## [Requirement]
What is needed is an exact copy of the data below, pictures excluded.

(Data provided begins)

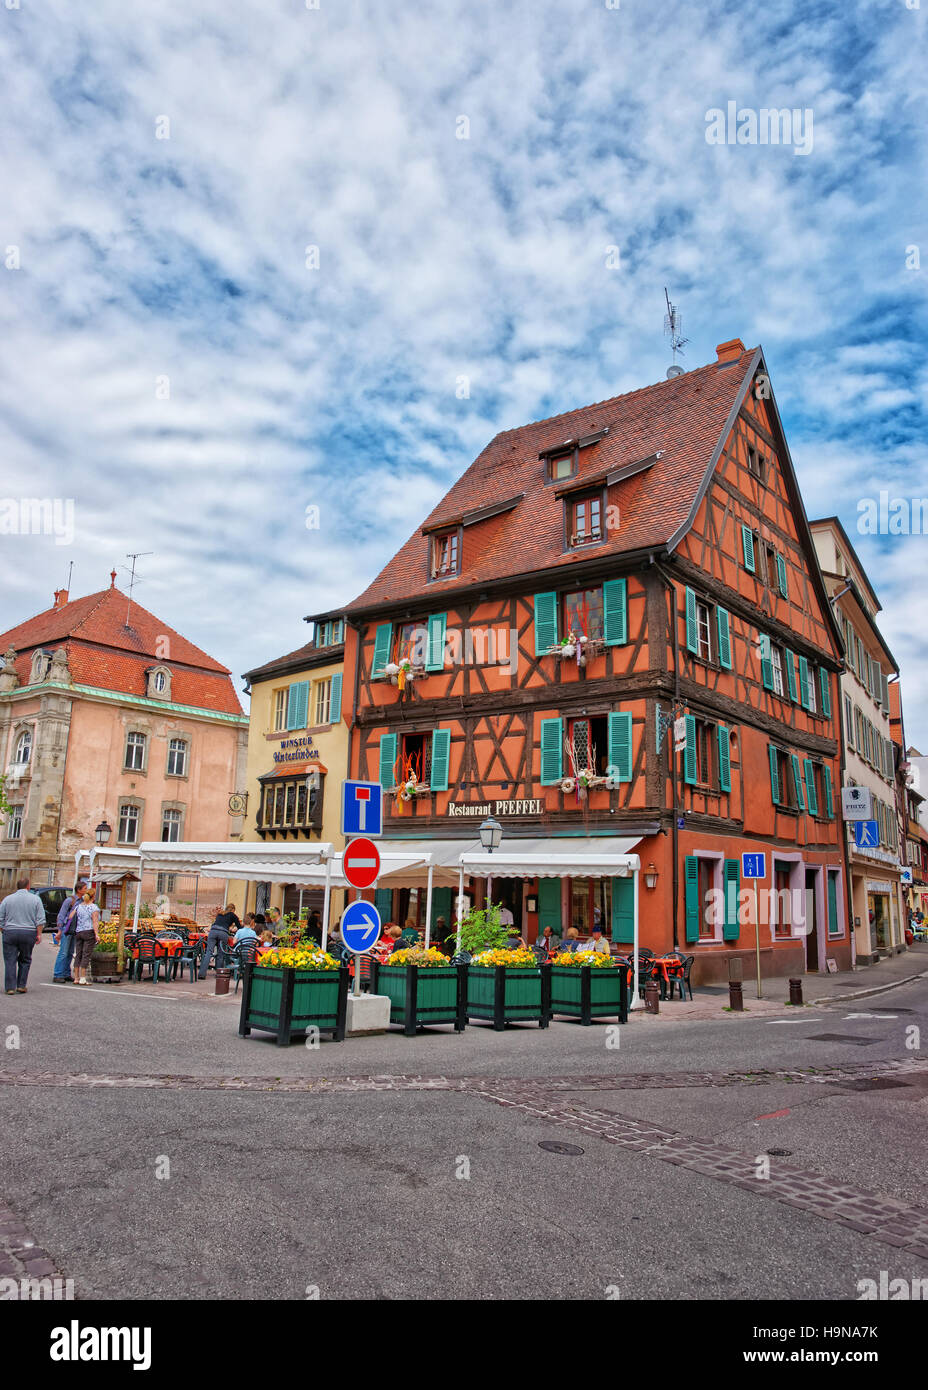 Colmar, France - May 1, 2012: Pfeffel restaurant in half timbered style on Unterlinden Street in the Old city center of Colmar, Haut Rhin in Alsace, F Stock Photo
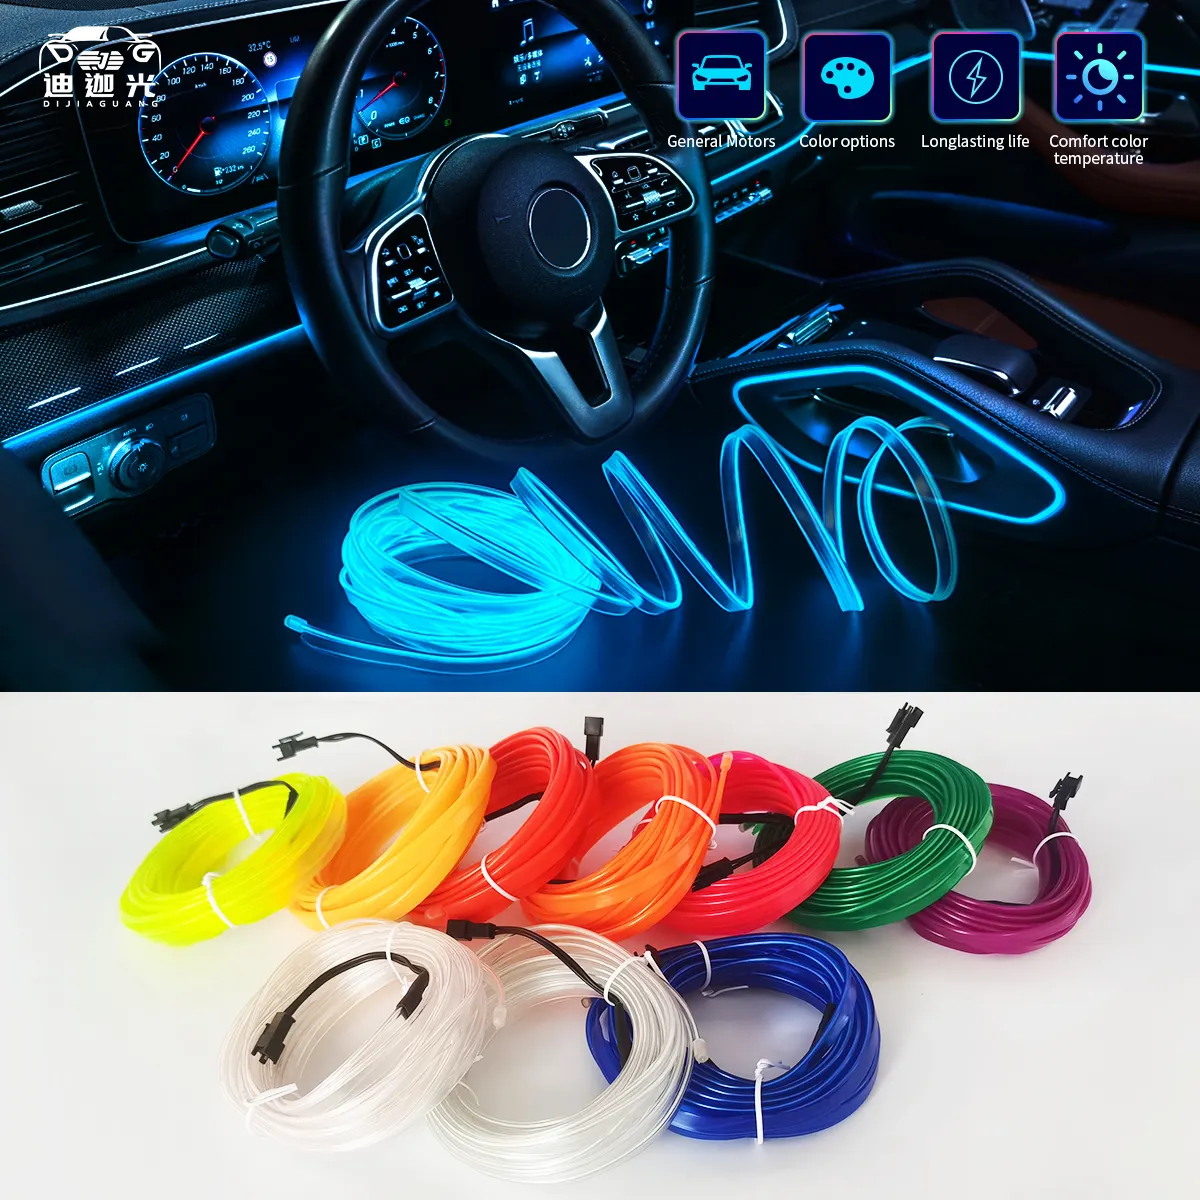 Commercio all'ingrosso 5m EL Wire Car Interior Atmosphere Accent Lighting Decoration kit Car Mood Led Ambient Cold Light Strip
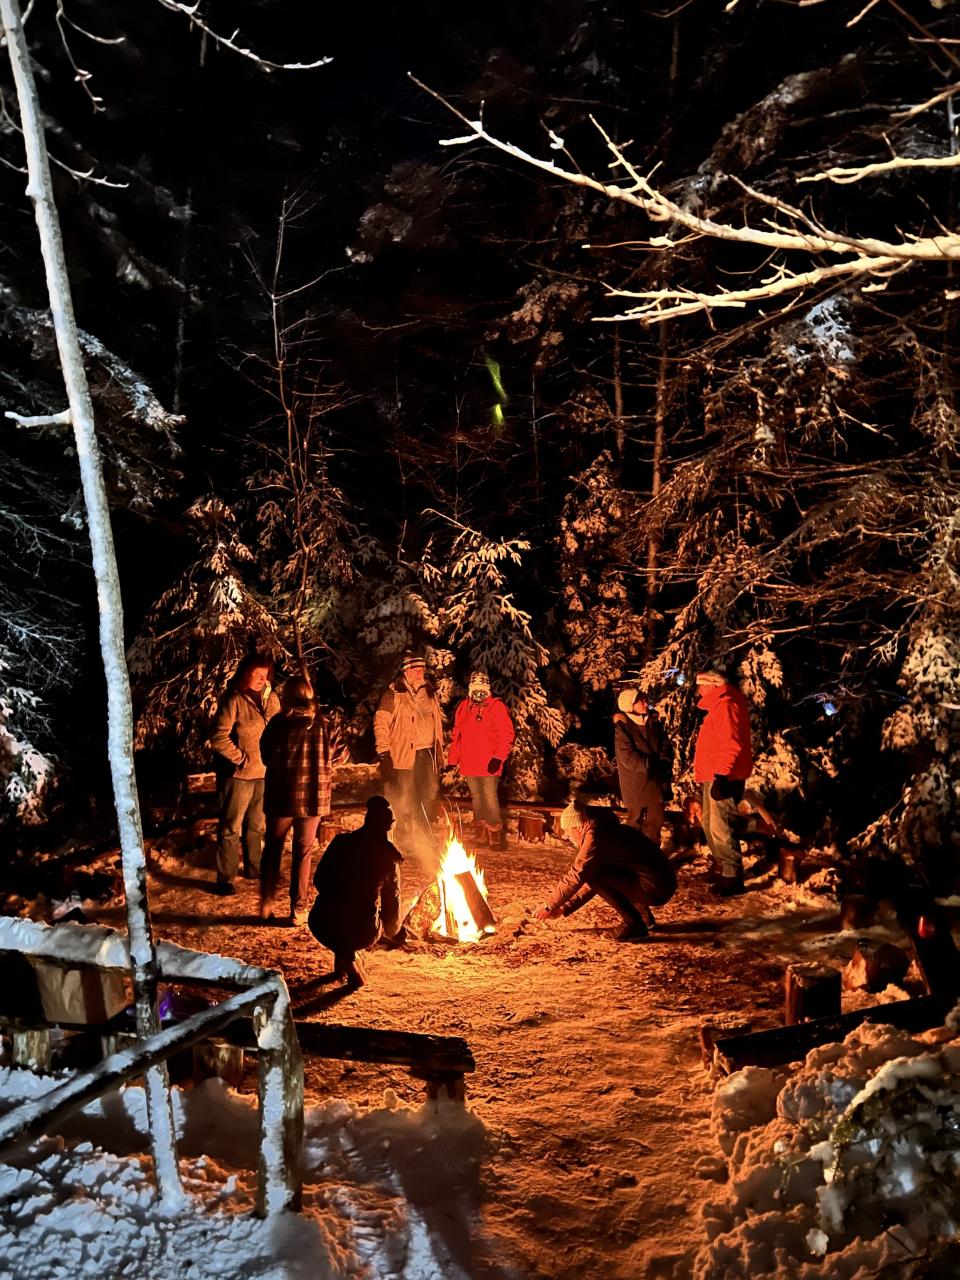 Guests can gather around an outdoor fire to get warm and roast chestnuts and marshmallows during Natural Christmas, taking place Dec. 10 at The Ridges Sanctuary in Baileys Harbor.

(Data provided ends)

## [Result of the task]
 Colmar, France - May 1, 2012: Pfeffel restaurant in half timbered style on Unterlinden Street in the Old city center of Colmar, Haut Rhin in Alsace, F Stock Photo
 Commercio all'ingrosso 5m EL Wire Car Interior Atmosphere Accent Lighting Decoration kit Car Mood Led Ambient Cold Light Strip
 Guests can gather around an outdoor fire to get warm and roast chestnuts and marshmallows during Natural Christmas, taking place Dec. 10 at The Ridges Sanctuary in Baileys Harbor.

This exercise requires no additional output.